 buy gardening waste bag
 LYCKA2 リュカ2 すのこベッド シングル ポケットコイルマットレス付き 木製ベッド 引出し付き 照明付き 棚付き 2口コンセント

---

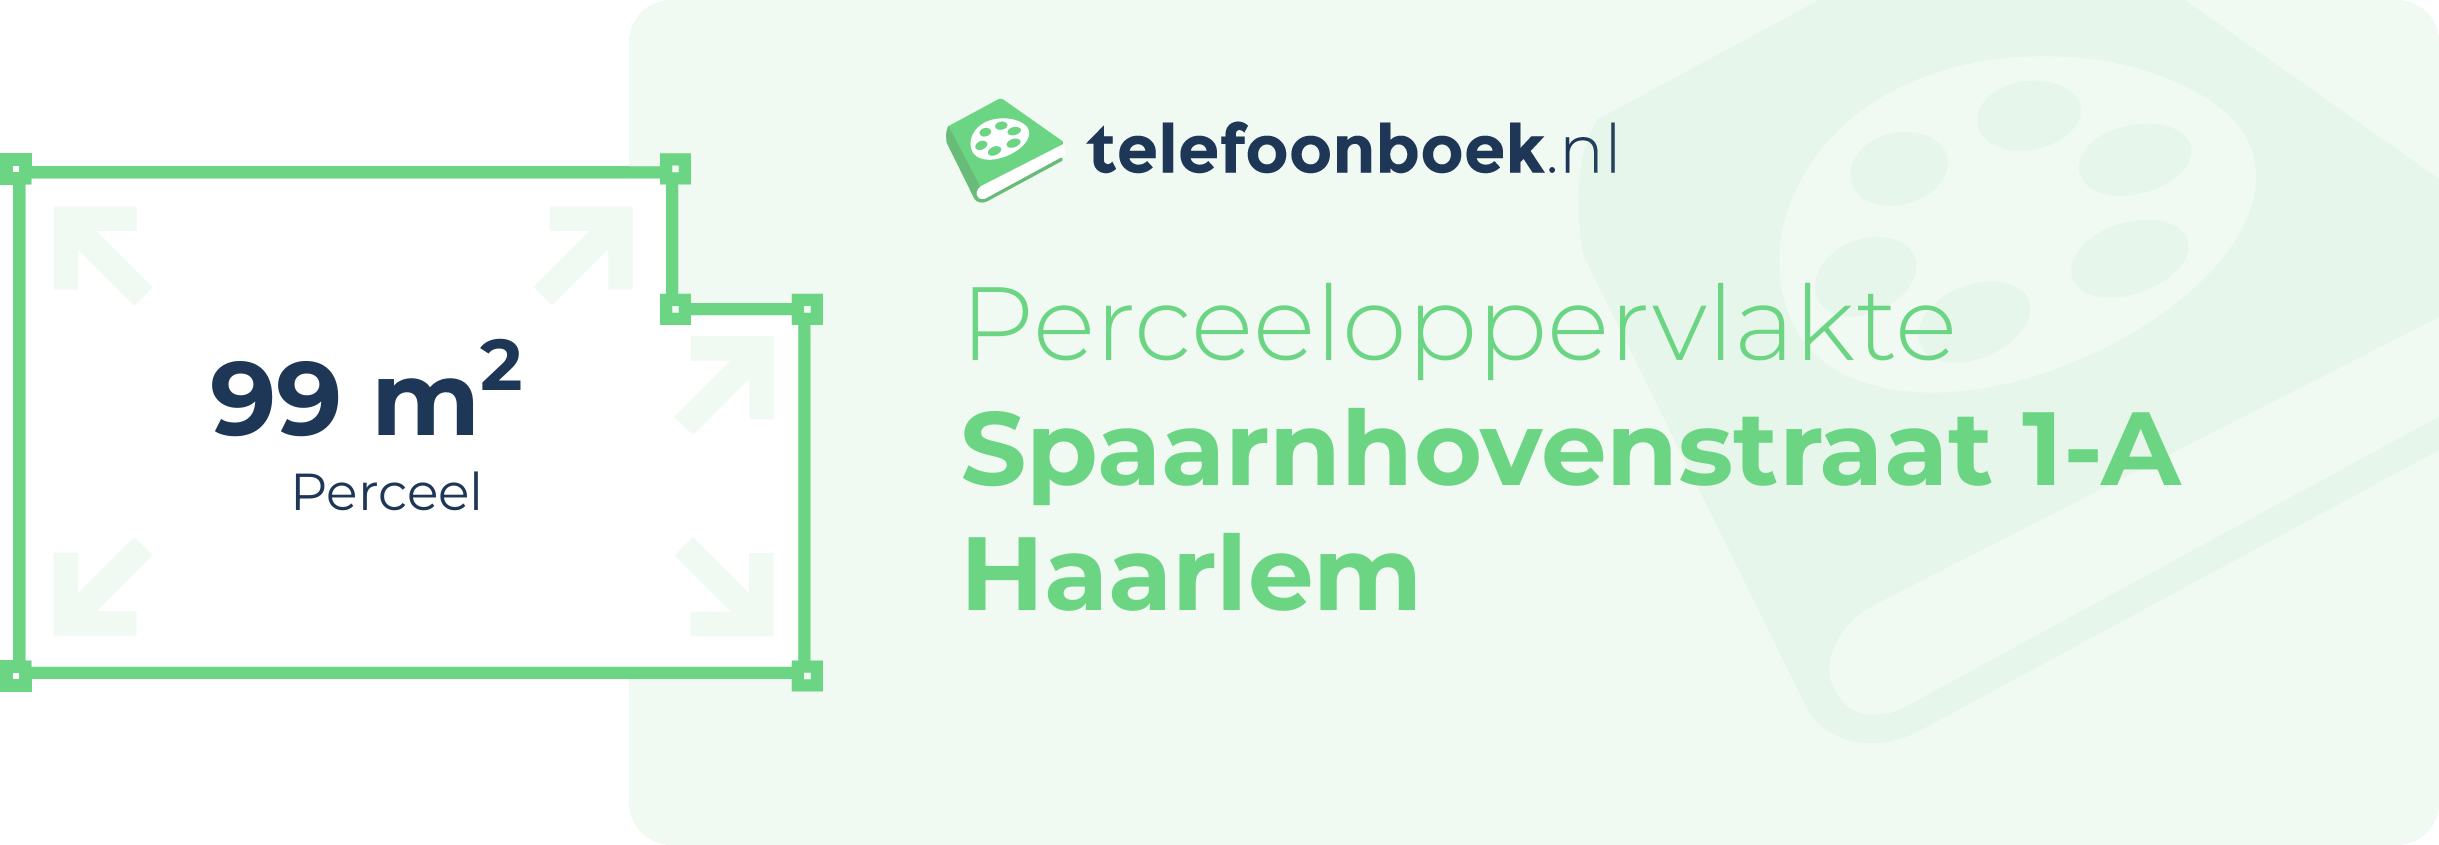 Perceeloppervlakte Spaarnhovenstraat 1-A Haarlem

EXERCISE DETAILS =>
Copy out, word for word, the part of the entries above that begins at the line with "buy gardening waste bag" and ends at the line with "LYCKA2 リュカ2 すのこベッド", including both.

SOLUTION TO THIS PROBLEM =>
 buy gardening waste bag
 LYCKA2 リュカ2 すのこベッド シングル ポケットコイルマットレス付き 木製ベッド 引出し付き 照明付き 棚付き 2口コンセント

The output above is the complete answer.